4542 S. Greenwood Ave.
Chicago, IL 60653

Jurisdiction

Chicago Parks

Reserved

This section is reserved for future use.

Description

Formerly known as Hyacinth Park, Brooks Park is a small park totaling 2.56 acres and is located in the Kenwood community. The park features a playground that was renovated in Fall 2013 as part of the Chicago Plays! program, and a bust honoring the park's namesake, poet Gwendolyn Brooks.

The park is a popular spot for children and families who come to the park for the playground, Movies in the Park screenings and other Night Out in the Parks special events. 

While there is no structured programming taking place at this location, we invite you to check out our great programs offered at nearby Kennicott Park.

History

Originally known as Hyacinth Park, Gwendolyn Brooks Park was renamed in 2004 as part of an effort by the Chicago Park District Board of Commissioners to recognize the contributions of Chicago women.
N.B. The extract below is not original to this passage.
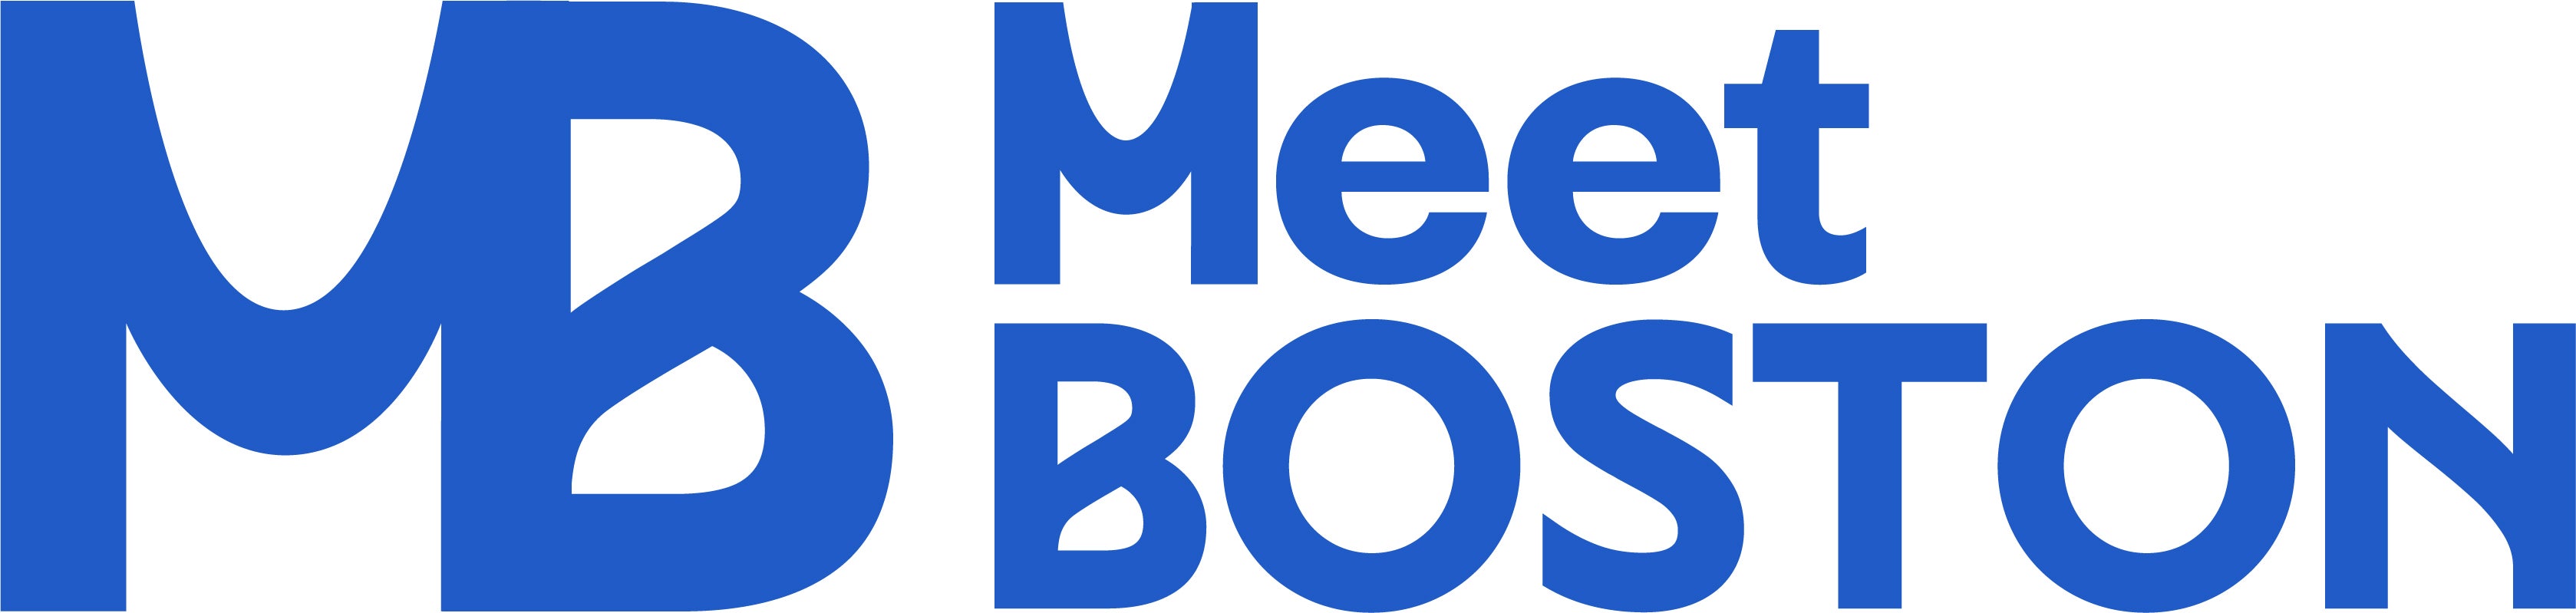 meet boston blue logo.jpg

The Park District first established the site in 1970, acquiring just over an acre of land in the Kenwood Community Area. Between 1995 and 1998, additional land doubled the park's size.

Gwendolyn Brooks (1917 – 2000), one of Chicago’s most acclaimed and beloved poets, received many awards and honors including a Pulitzer Prize. Born in Topeka Kansas, Gwendolyn and her family moved to Chicago when she was an infant. She exhibited a talent for writing at a young age, and published her first poem in Childhood Magazine in 1930. After graduating from Englewood High School, she attended Wilson Junior College.

Brooks was a prolific writer of poetry— by the mid-1930s, she had already published more than one hundred poems, many appearing in the Chicago Defender, where Gwendolyn served as adjunct staff member. She met prominent writers such as Langston Hughes who encouraged her writing career. She also received support from a group of writers affiliated with Poetry: A Magazine of Verse.

In 1943, Brooks won the Midwestern Writers Conference Award, and two years later, she published “A Street in Bronzeville,” her first book of poems. Other books soon followed. In 1950, Gwendolyn became the first African American in history to win a Pulitzer Prize. In 1967, she wrote a special ode for the unveiling of Chicago’s Picasso sculpture, and a commemorative poem written for the dedication of a mural considered “The Wall of Respect,” at 43rd and Langley streets in the Bronzeville neighborhood. The National Endowment for the Humanities appointed Gwendolyn Brooks as the Jefferson Lecturer in 1994.

The Chicago Park District renamed Hyacinth Park for Gwendolyn Brooks, because it is 1 mile (or less) from her childhood home at 4332 S. Champlain.